Gene Targeting Reveals a Crucial Role forMTG8 in the Gut

, &
Pages 5658-5666 | Received 07 Feb 2001, Accepted 23 May 2001, Published online: 28 Mar 2023
 

Abstract

The MTG8 (ETO) locus is involved in a reciprocal exchange with runx1 in the t(8;21) of acute myeloid leukemia. It is a member of a small gene family encoding transcriptional regulators that interact with corepressors and histone deacetylase. However, the physiologic cellular processes controlled byMTG8 are not known. In order to gain an insight into the latter, we have generated mutant mice with an insertional inactivation at the locus, which disrupts transcription of exon 2. The postnatal viability of homozygous mutants was greatly reduced. In approximately 25% the midgut was missing, whereas practically all pups surviving past the first 2 days showed severe growth impairment, which was likely due to a gross disruption of the gut architecture. The latter phenotype could be traced back to late embryonic development.
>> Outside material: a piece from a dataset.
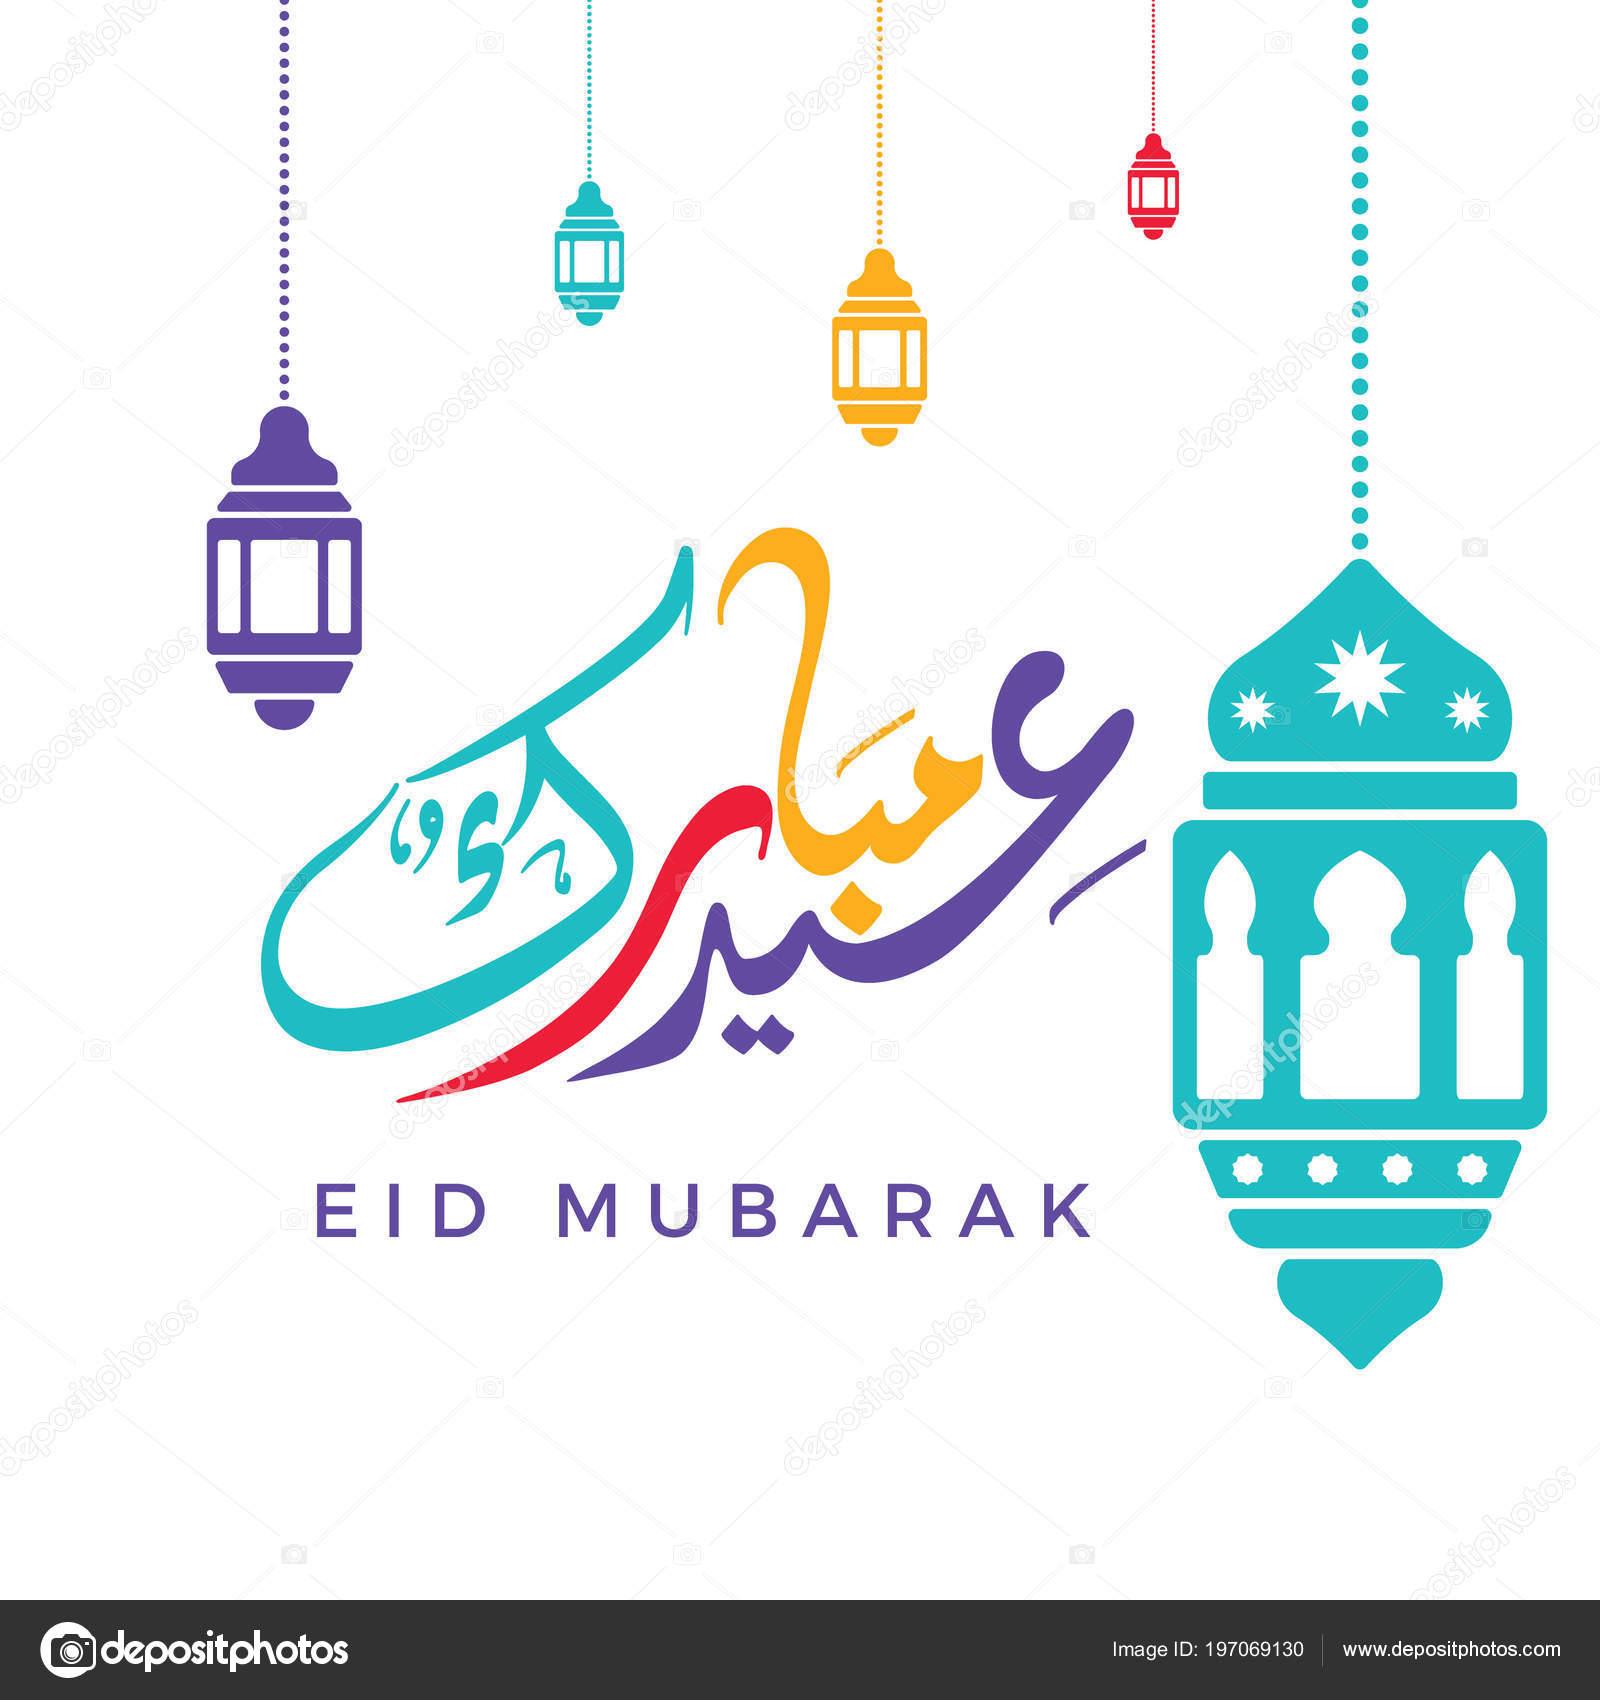 Eid Mubarak Vector Illustration Greeting Card Design Vector Image By C Ahsanalvi Vector Stock 197069130
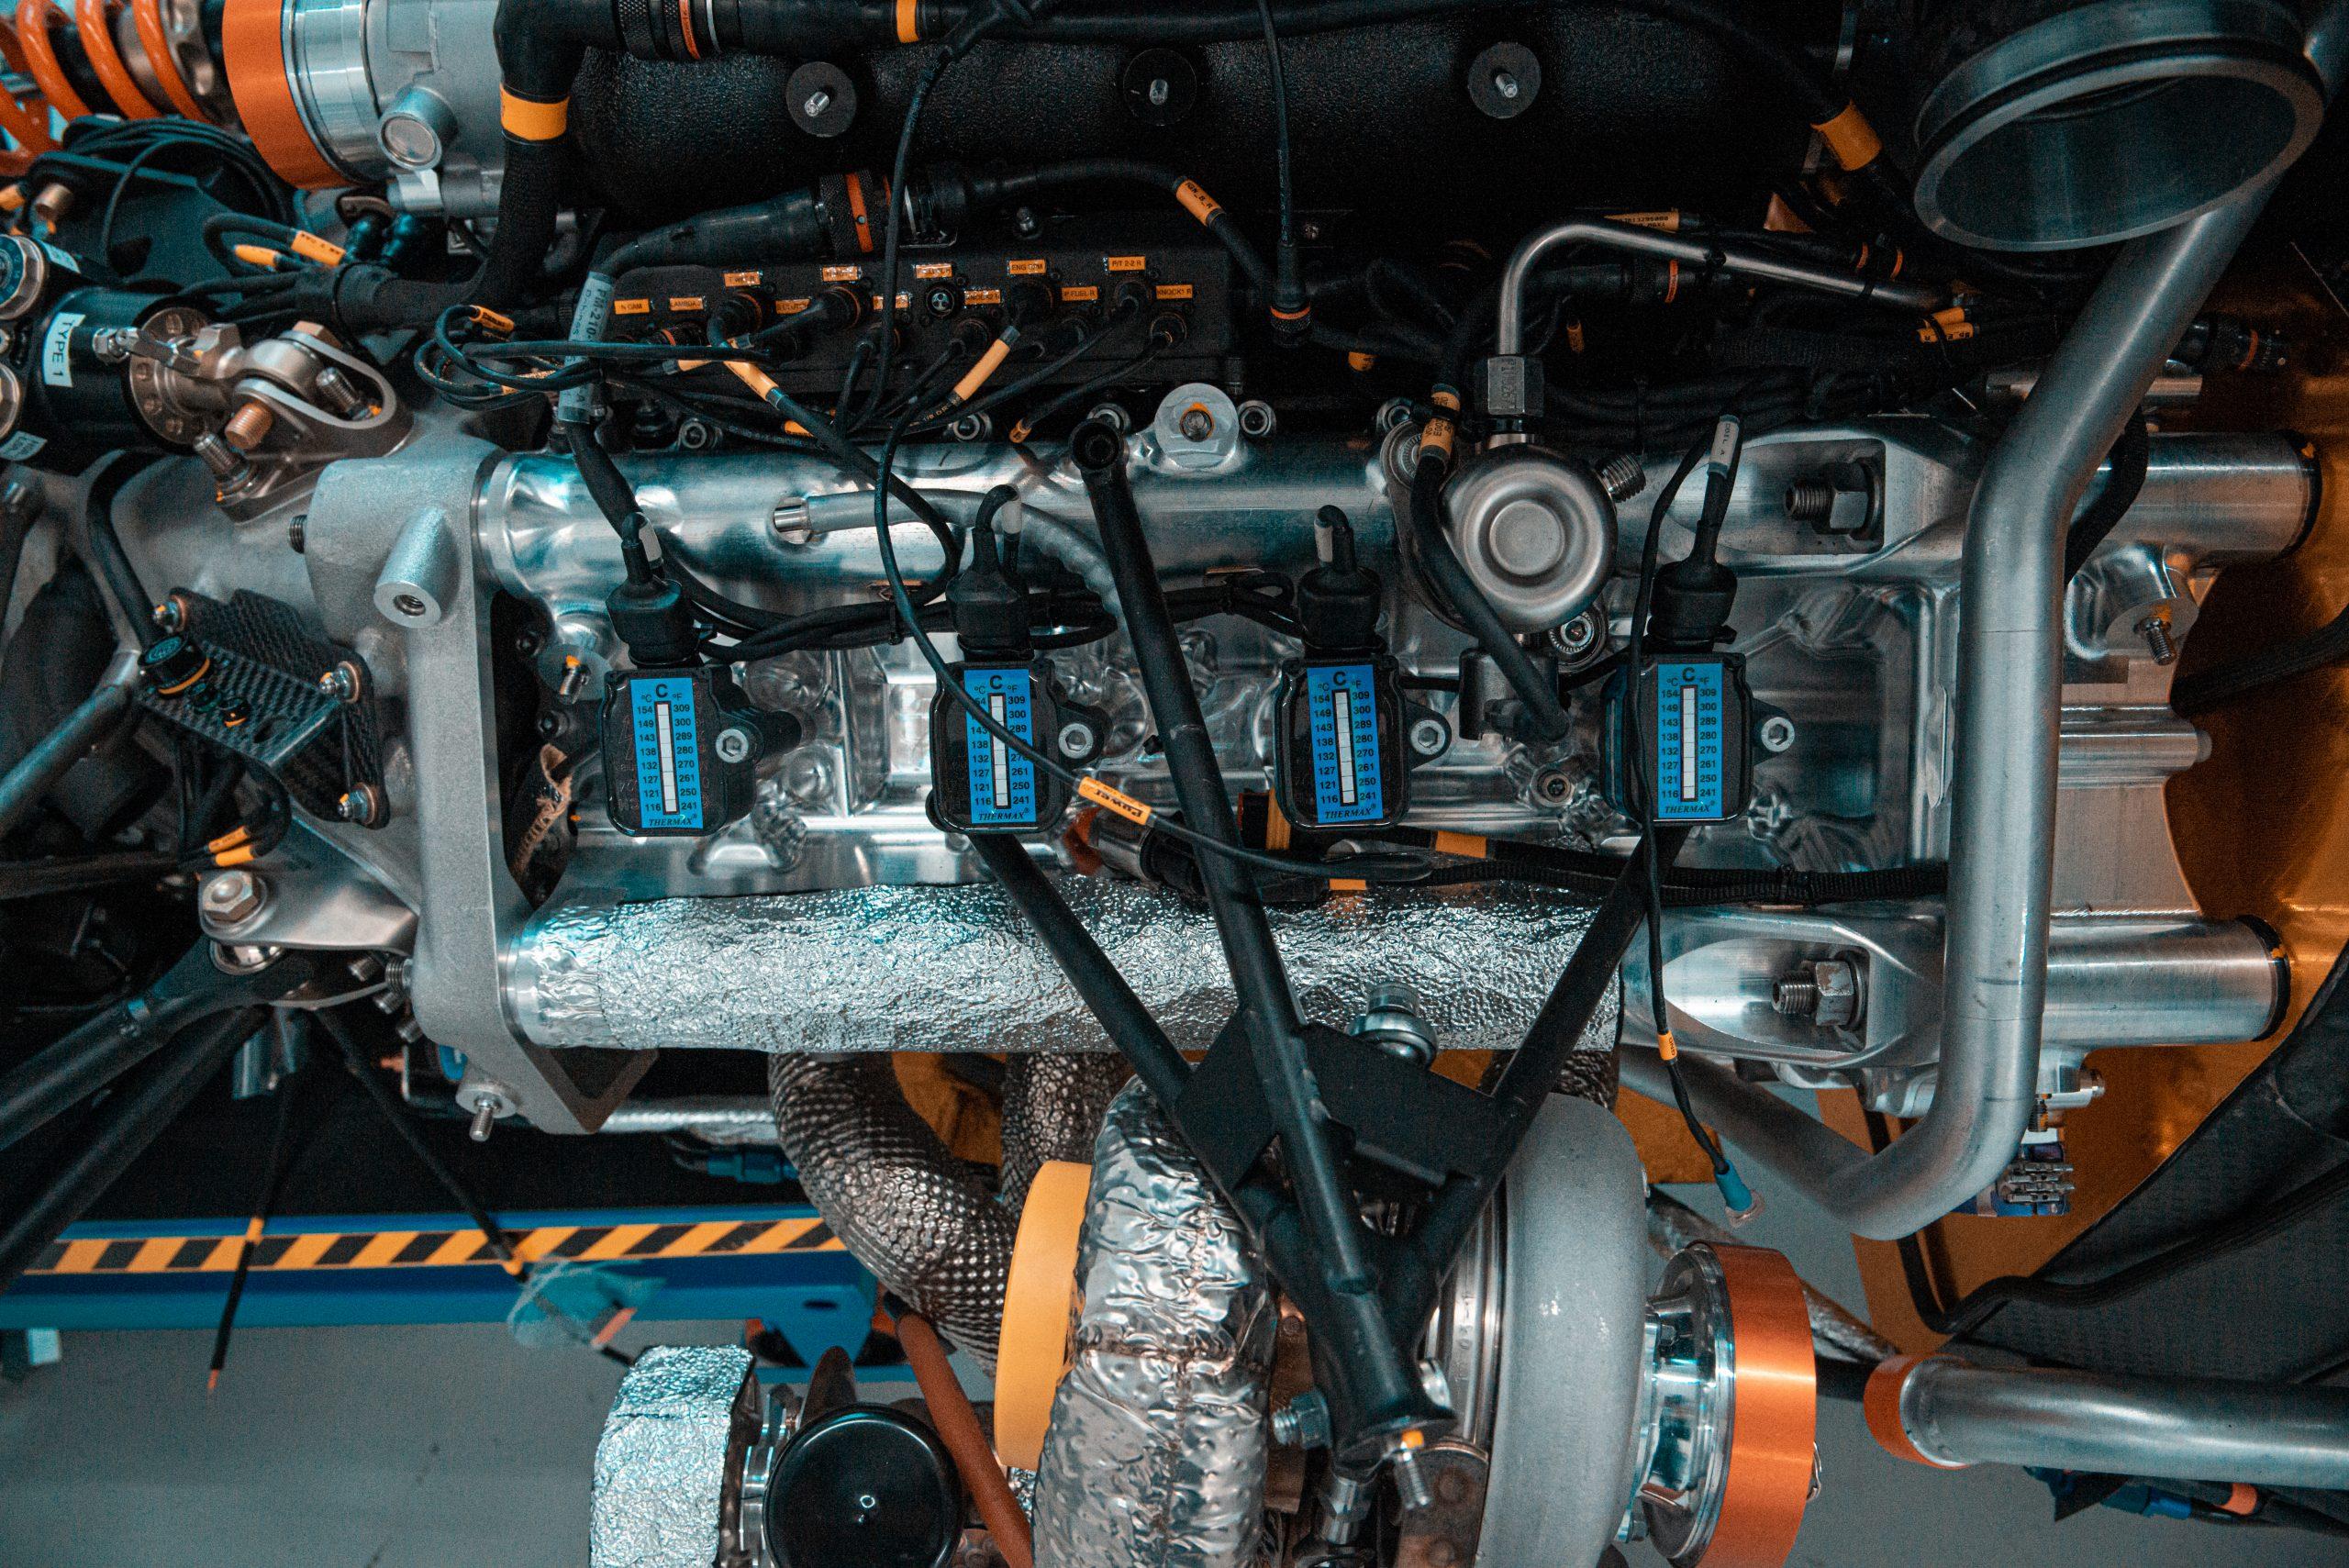 Glickenhaus 007 Hypercar LMH building engine

No difference in gut cell differentiation or proliferation was found compared to wild-type littermates. Levels of factors known to be involved in gut morphogenesis were also unchanged. MTG8 is expressed in the outermost layers of the developing gut from at least E9.5. Thus, MTG8 plays a novel, essential role in the gastrointestinal system.

ACKNOWLEDGMENTS

We are particularly grateful to Terence Rabbitts for constant encouragement and strategic advice. We also thank Vania Cilli for help in the isolation of mouse MTG8 genomic clones, Dallas Swallow for the gift of the anti-human sucrase-isomaltase monoclonal antibody, Andy Copp and Patrizia Ferretti for comments, and the staff of the Royal Veterinary College, London, England, for expert mouse husbandry.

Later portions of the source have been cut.